The task> Every picture is to be removed, and all the data is to be copied exactly.

Exercise data>

# # # # # # #

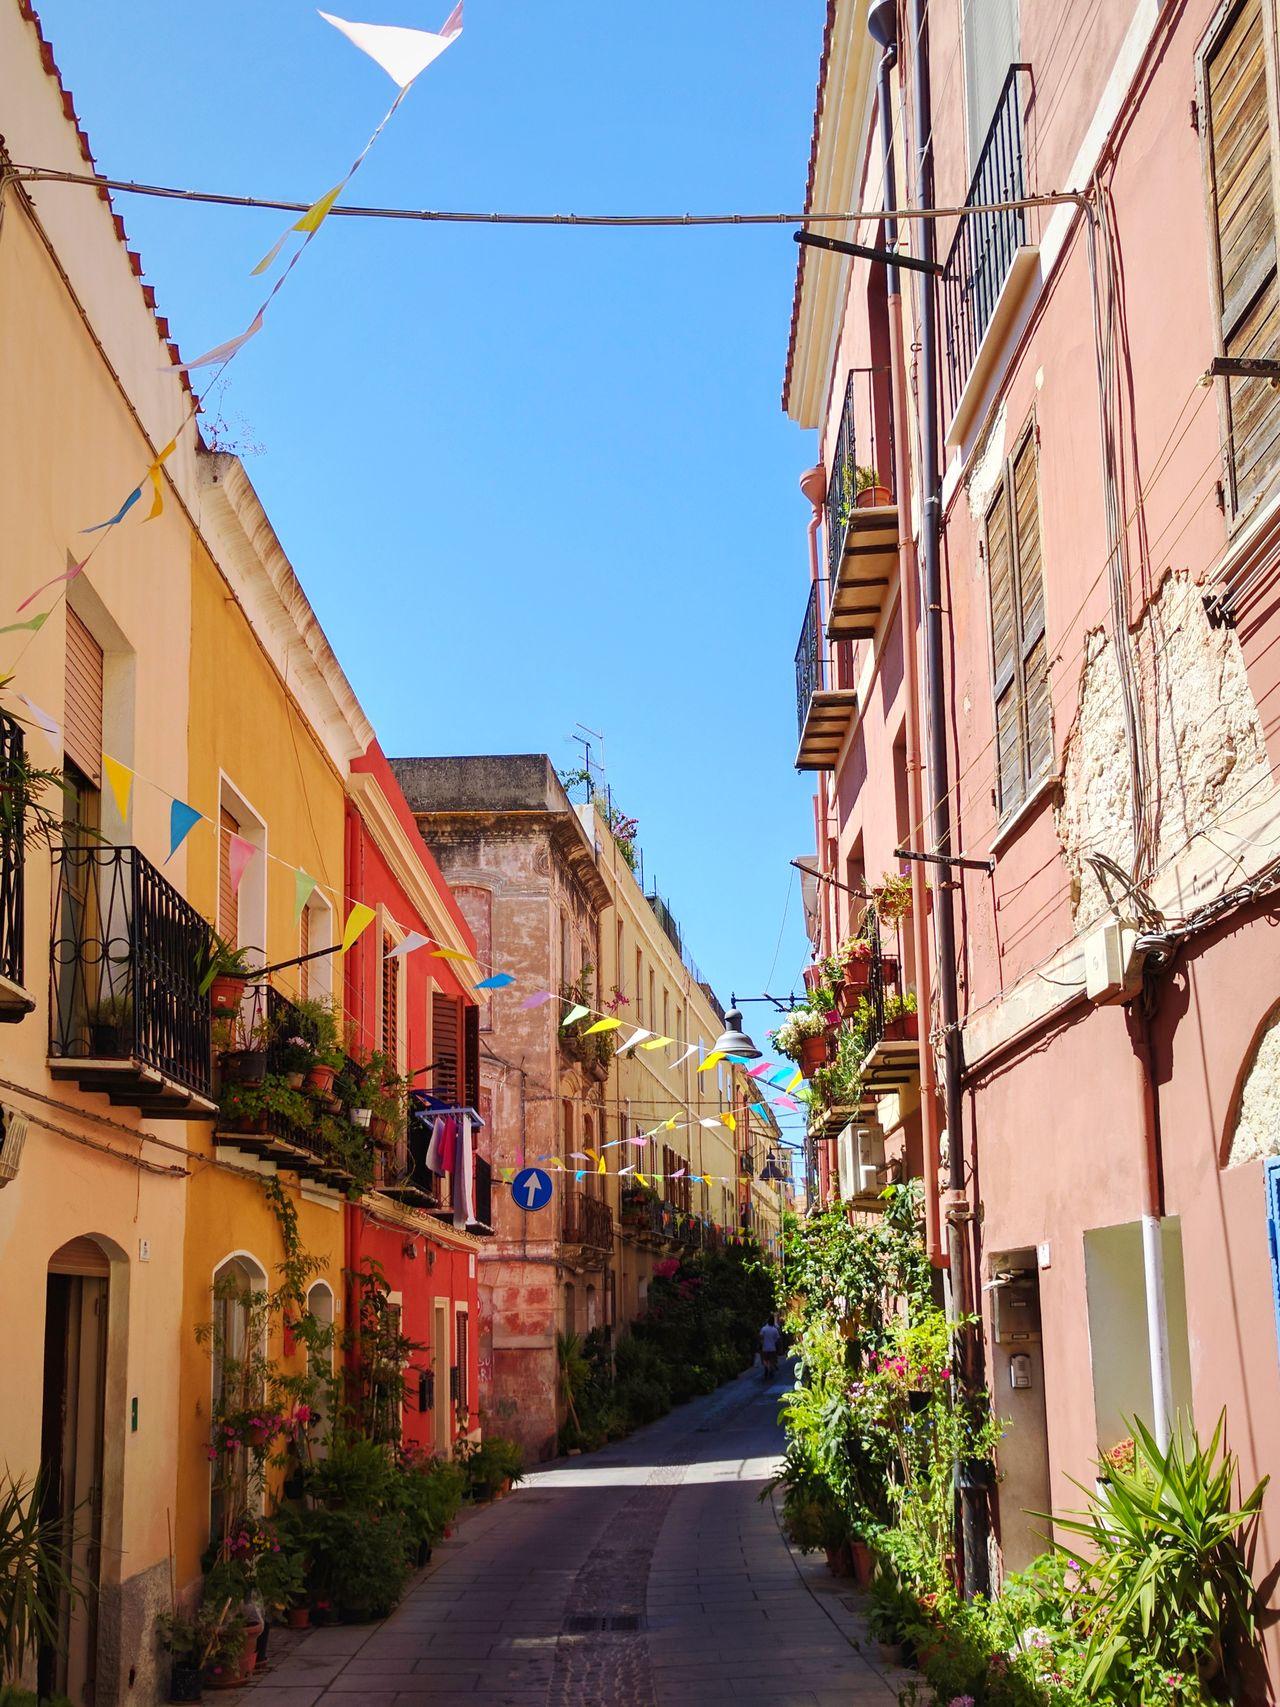 Travel Destinations Sky Architecture City Day Outdoors No People Bella Italia Cagliari, Sardinia The Way Forward Vanishing Point
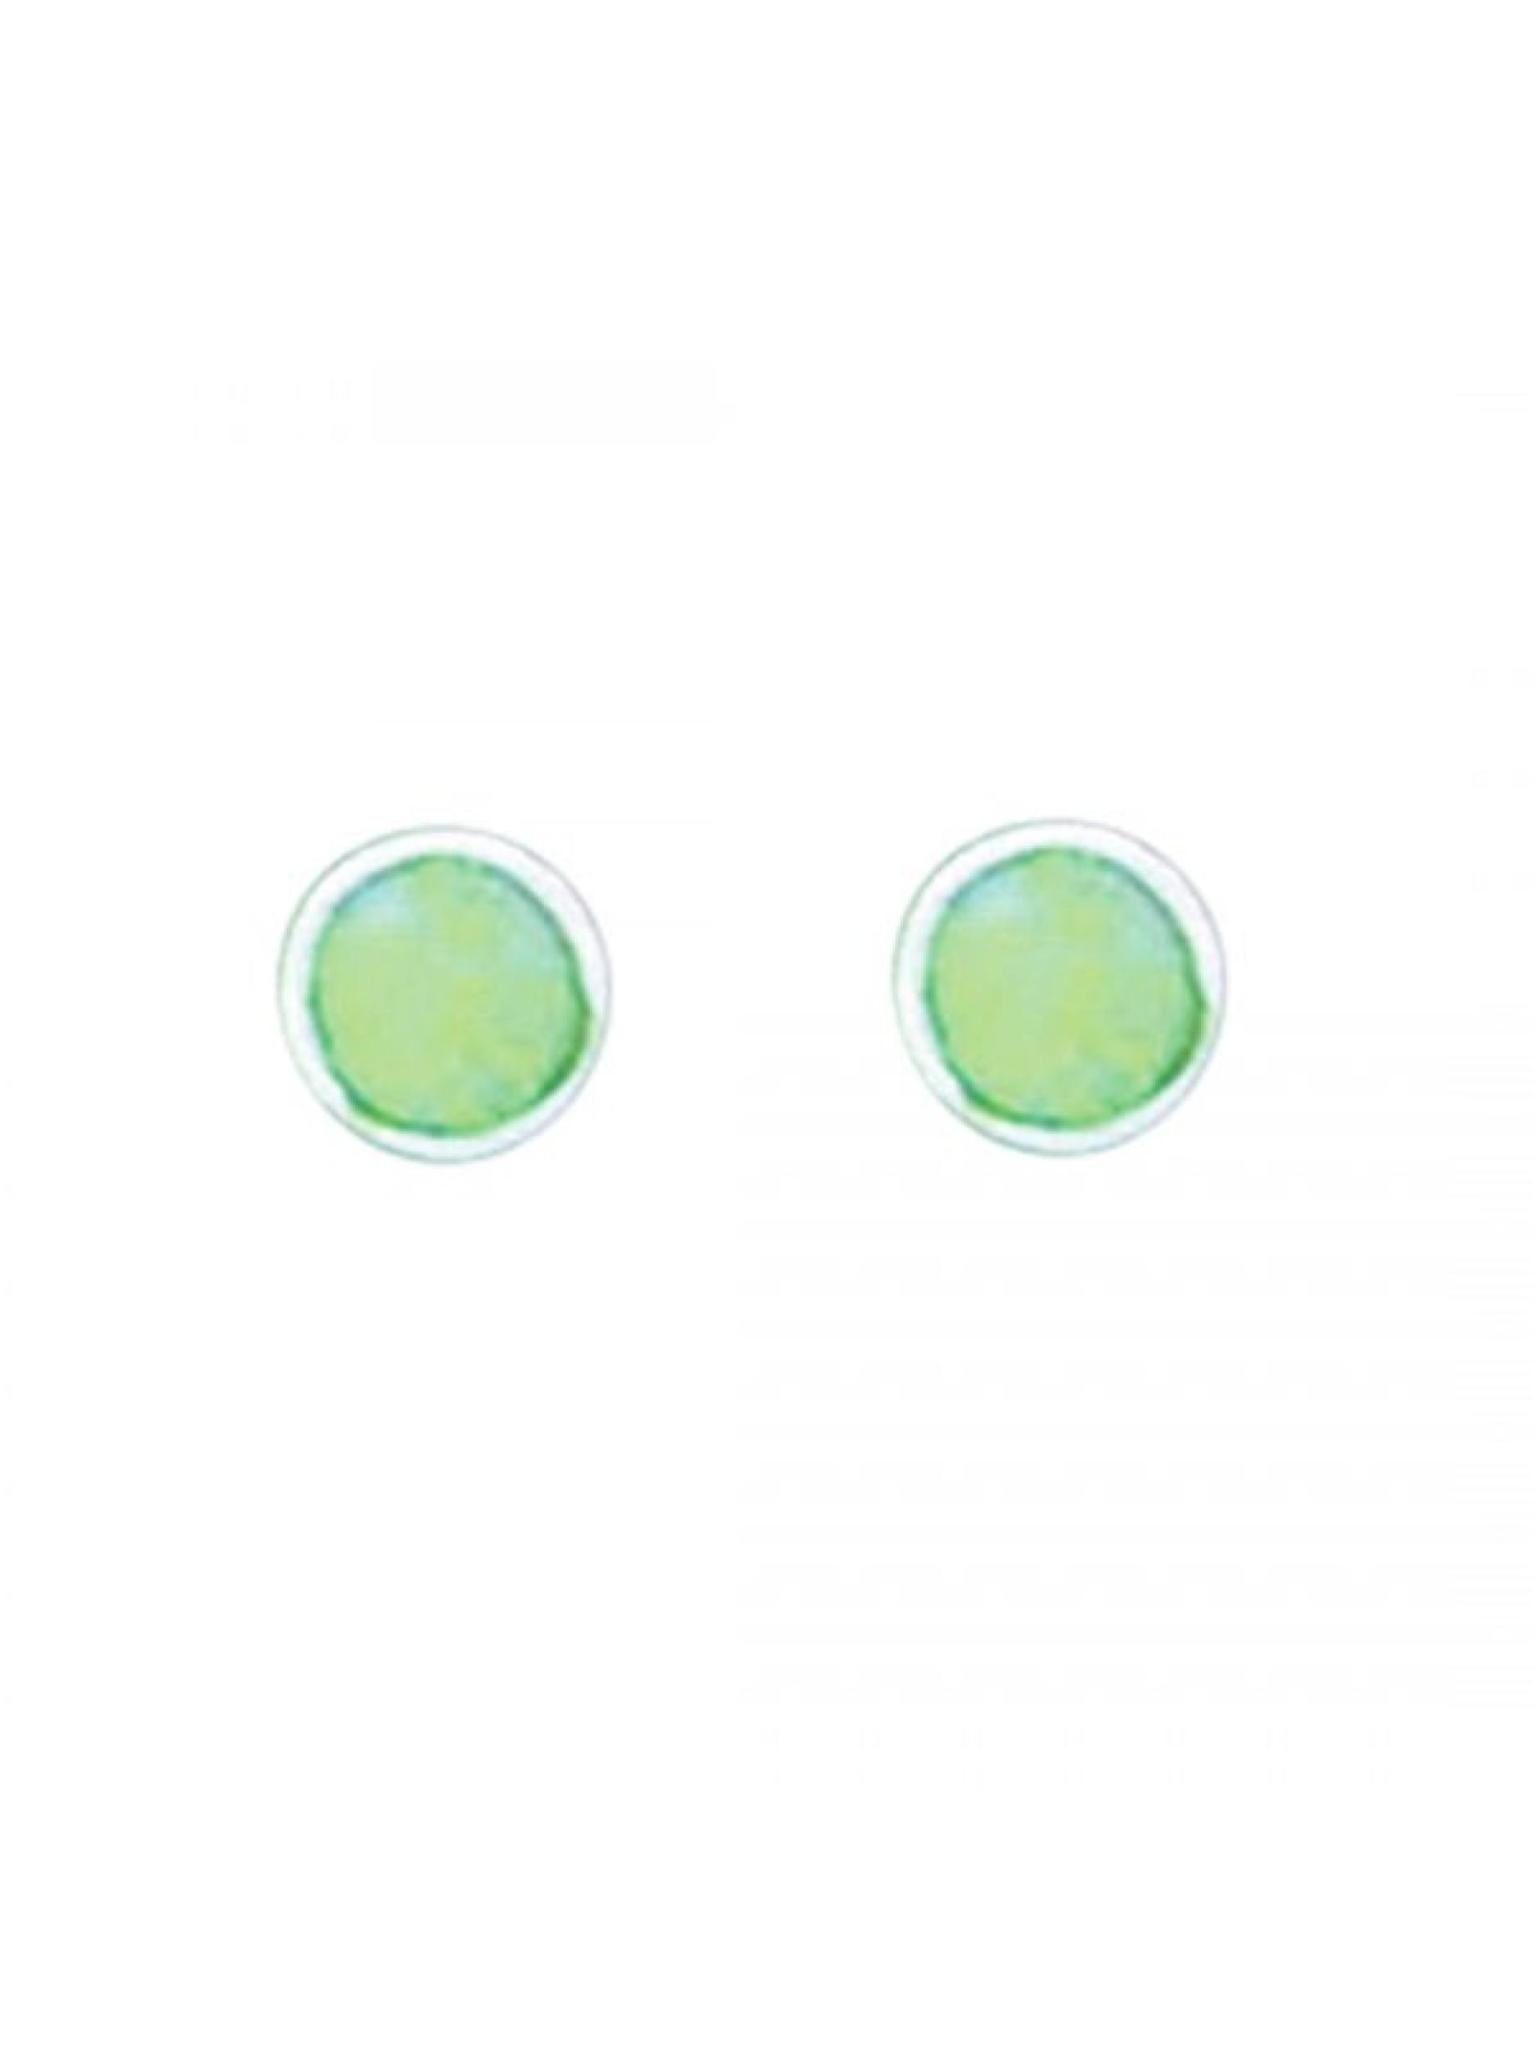 Acomo Jewelry 5mm Round Opal Inlay Stud Earring Opal
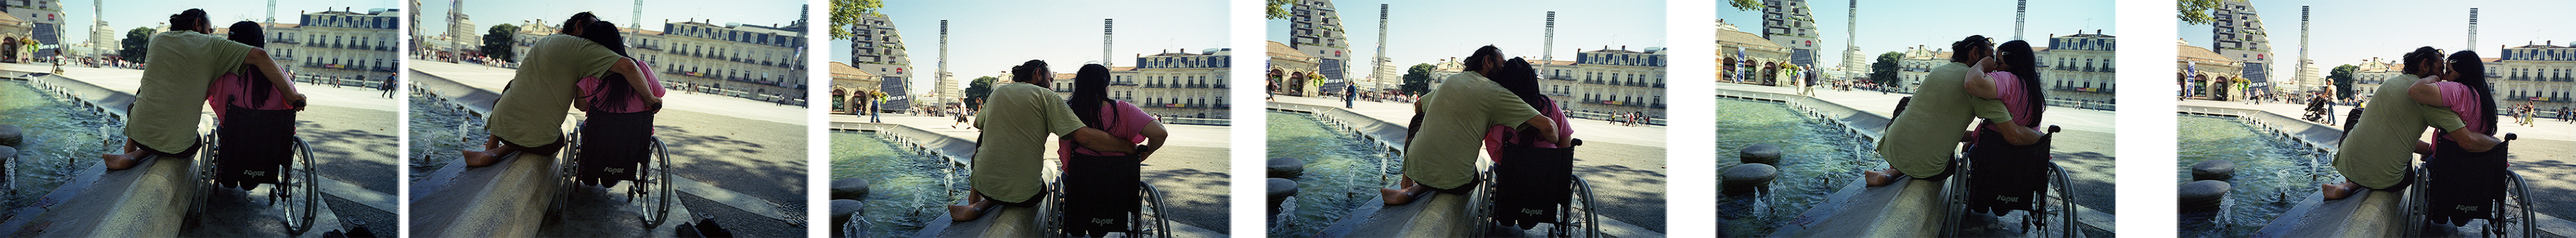 Montpellier, France. 2009Dimensioni: 195x18cm

# # # # # # #

Task output>
 Travel Destinations Sky Architecture City Day Outdoors No People Bella Italia Cagliari, Sardinia The Way Forward Vanishing Point
 Acomo Jewelry 5mm Round Opal Inlay Stud Earring Opal
 Montpellier, France. 2009Dimensioni: 195x18cm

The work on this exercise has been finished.